Dordogne : les papeteries de Condat en péril, près de 200 emplois menacés

Deux ans après la fermeture d’une des deux lignes de production et un plan social supprimant près de la moitié des effectifs, les Papeteries de Condat, ancien fleuron industriel de Dordogne, sont en grande difficulté. Selon le syndicat FO, tous les scenarios sont désormais sur la table.

On ne voit pas trop comment l’usine pourrait vivre avec une seule machine, pronostiquait il y a deux ans Patricia Canto, secrétaire FO du CSE des Papeteries de Condat, alors en pleine mobilisation contre la fermeture de l’une des deux lignes de production et un plan social supprimant 174 postes, soit près de la moitié des effectifs.
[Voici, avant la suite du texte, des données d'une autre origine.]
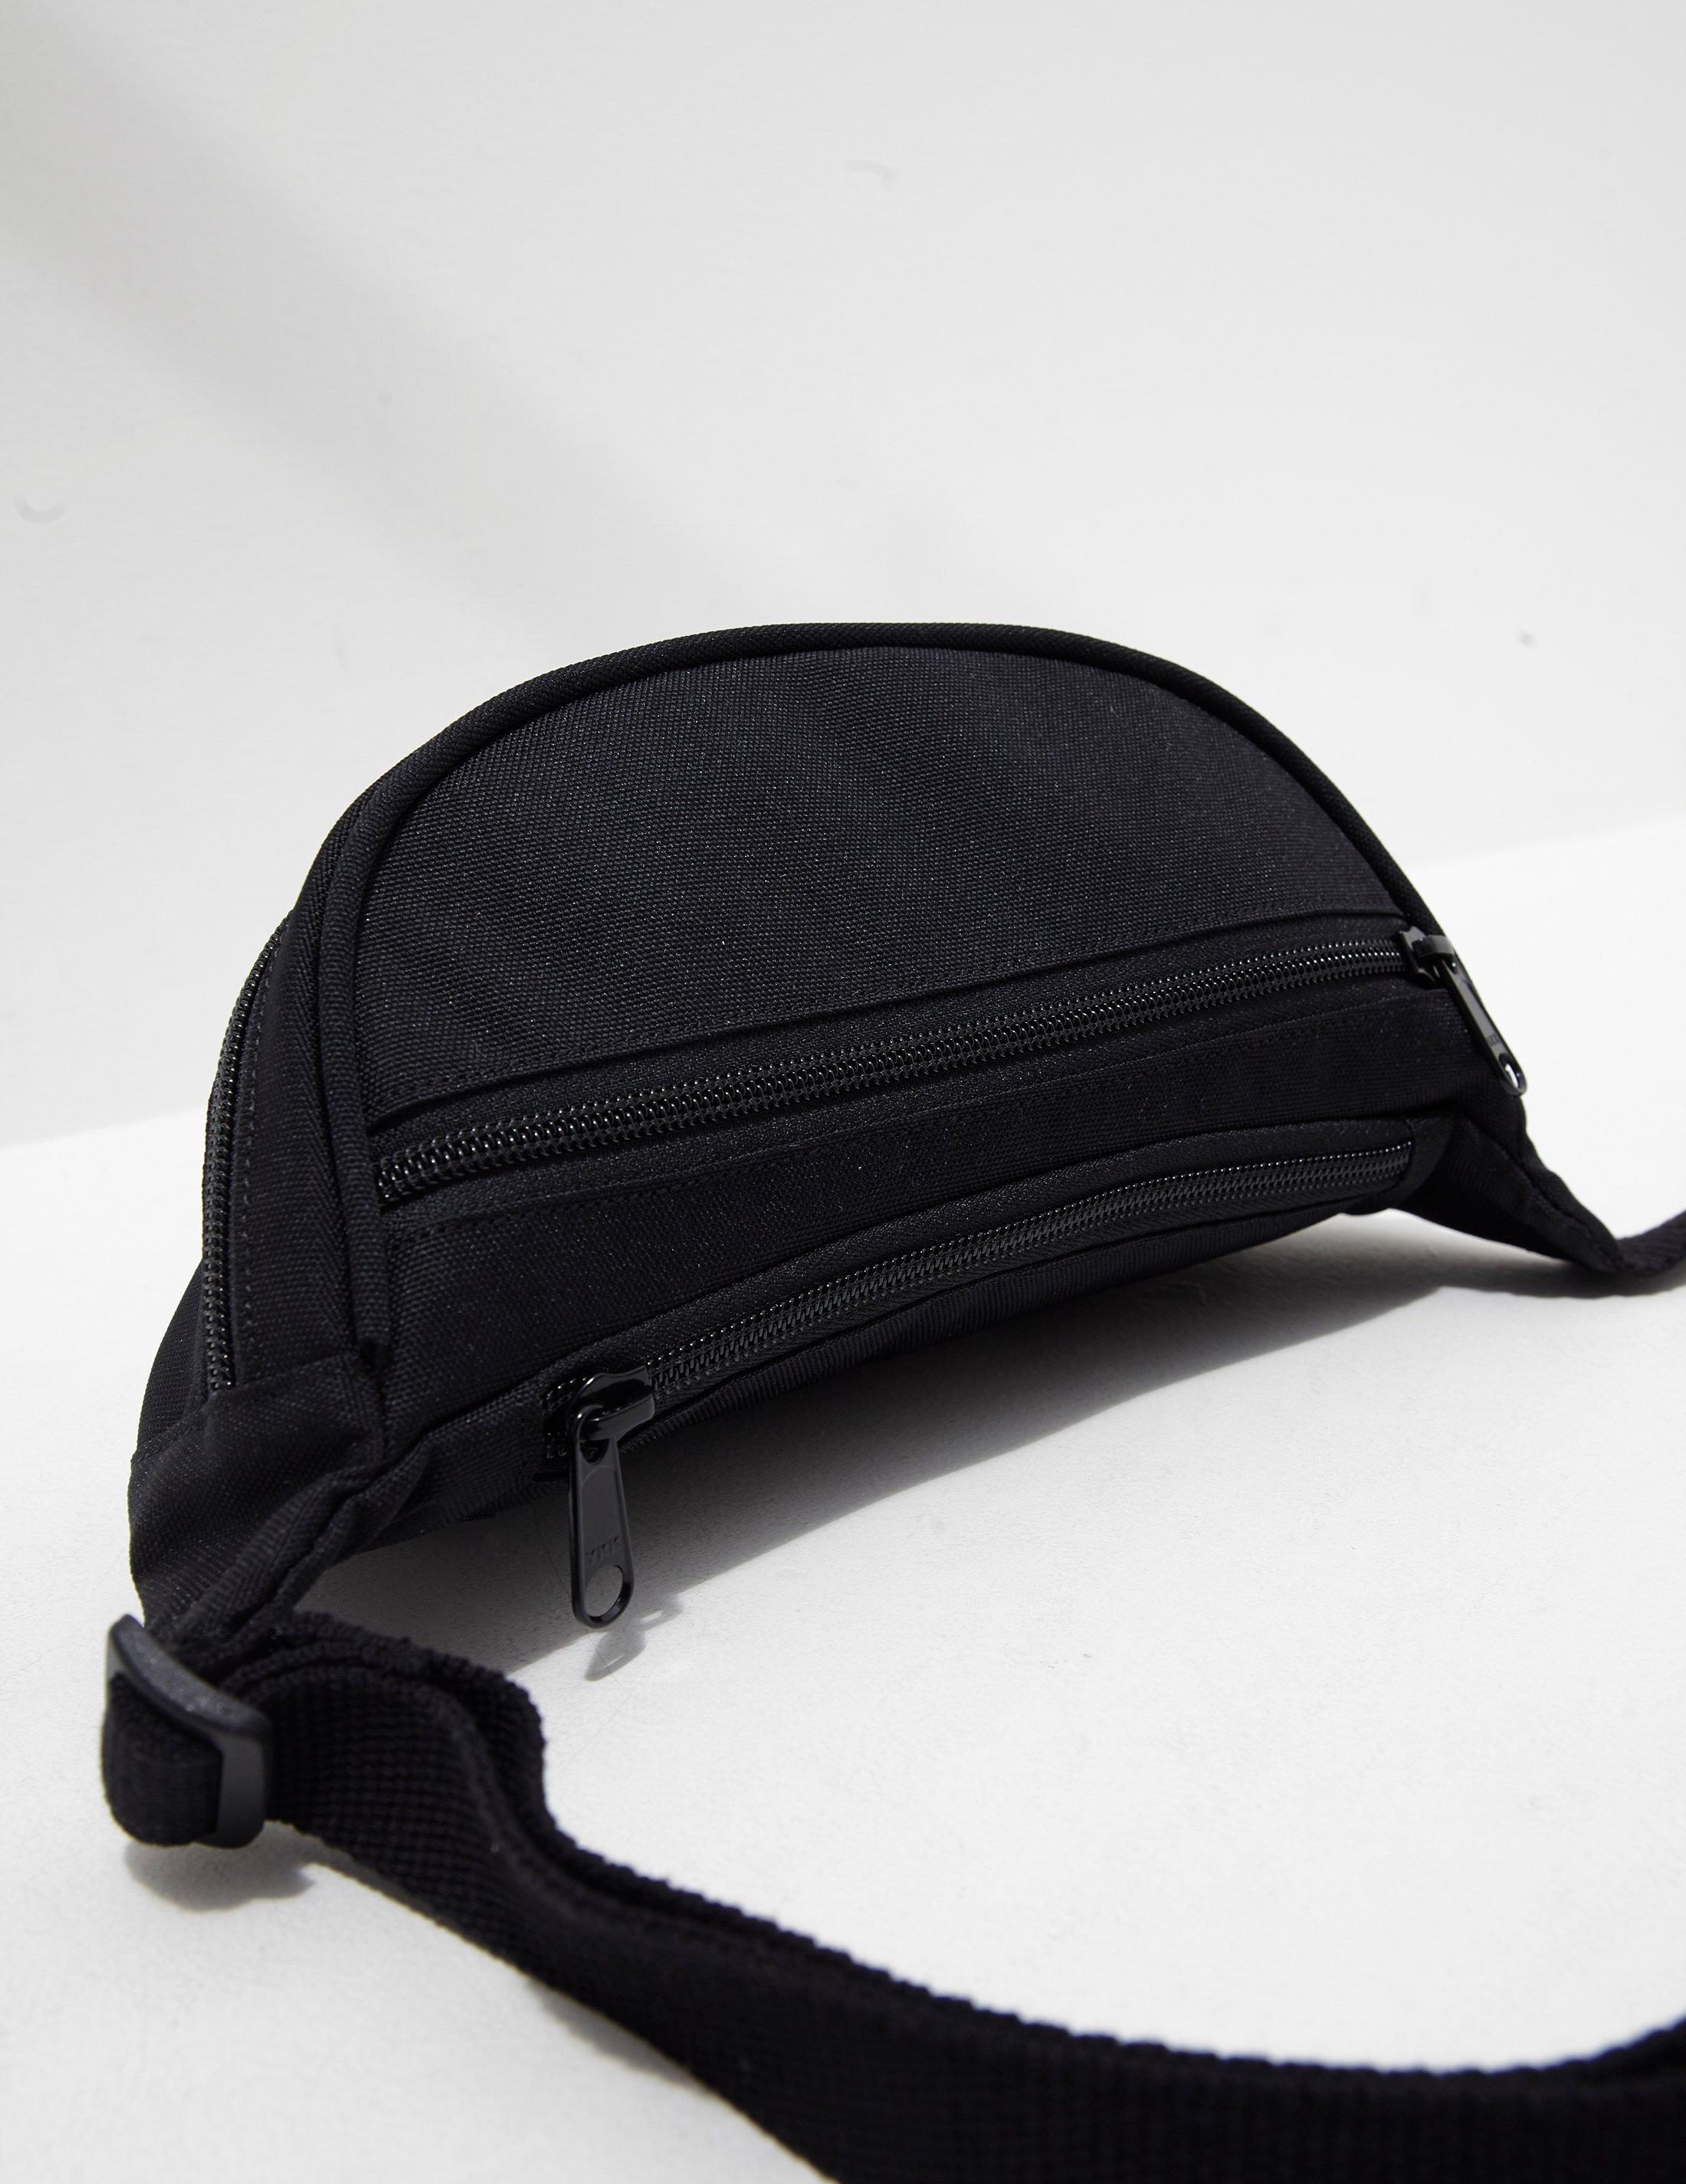 d2c62743d3 Carhartt WIP Mens Watch Hip Bag Black in Black for Men - Lyst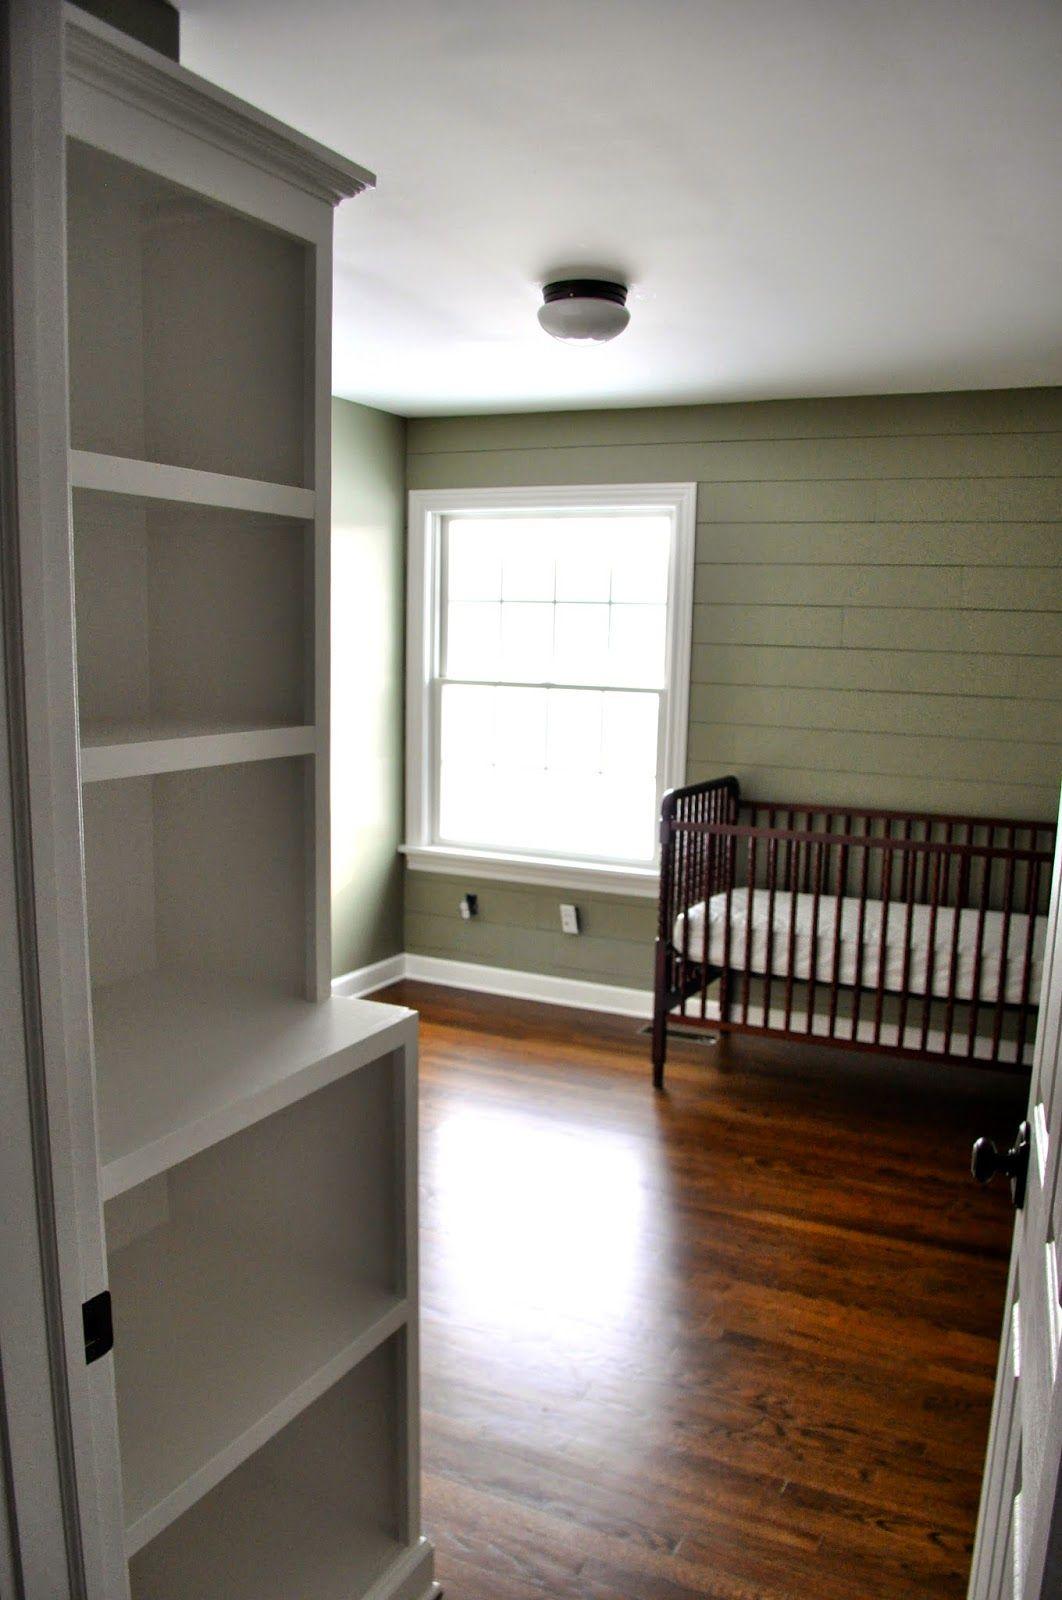 Building A Built In Bookcase Nursery Louisburg Green

Les craintes de la militante semblent malheureusement se réaliser. Fin août, la direction a informé les représentants du personnel qu’elle garantissait le versement des salaires uniquement jusqu’en décembre 2025. Pour la suite, on ne sait pas, c’est le point d’interrogation, s’inquiète Emmanuel Garcia, élu FO au CSE. La maison-mère, le groupe Lecta, détenu par plusieurs fonds d’actions et d’investissements, a également cessé, depuis le mois d’avril, de rembourser à la Région Nouvelle-Aquitaine le prêt à taux zéro de 19 millions d’euros qui lui avait été accordé en 2023.

Les Papeteries de Condat, usine plus que centenaire située au Lardin-Saint-Lazare, en Dordogne, est un ancien fleuron industriel et qui, sur ce territoire, a tenu un rôle majeur au plan de l’emploi. De 1200 salariés dans les années 1980, elle n’en compte plus que 200 aujourd’hui.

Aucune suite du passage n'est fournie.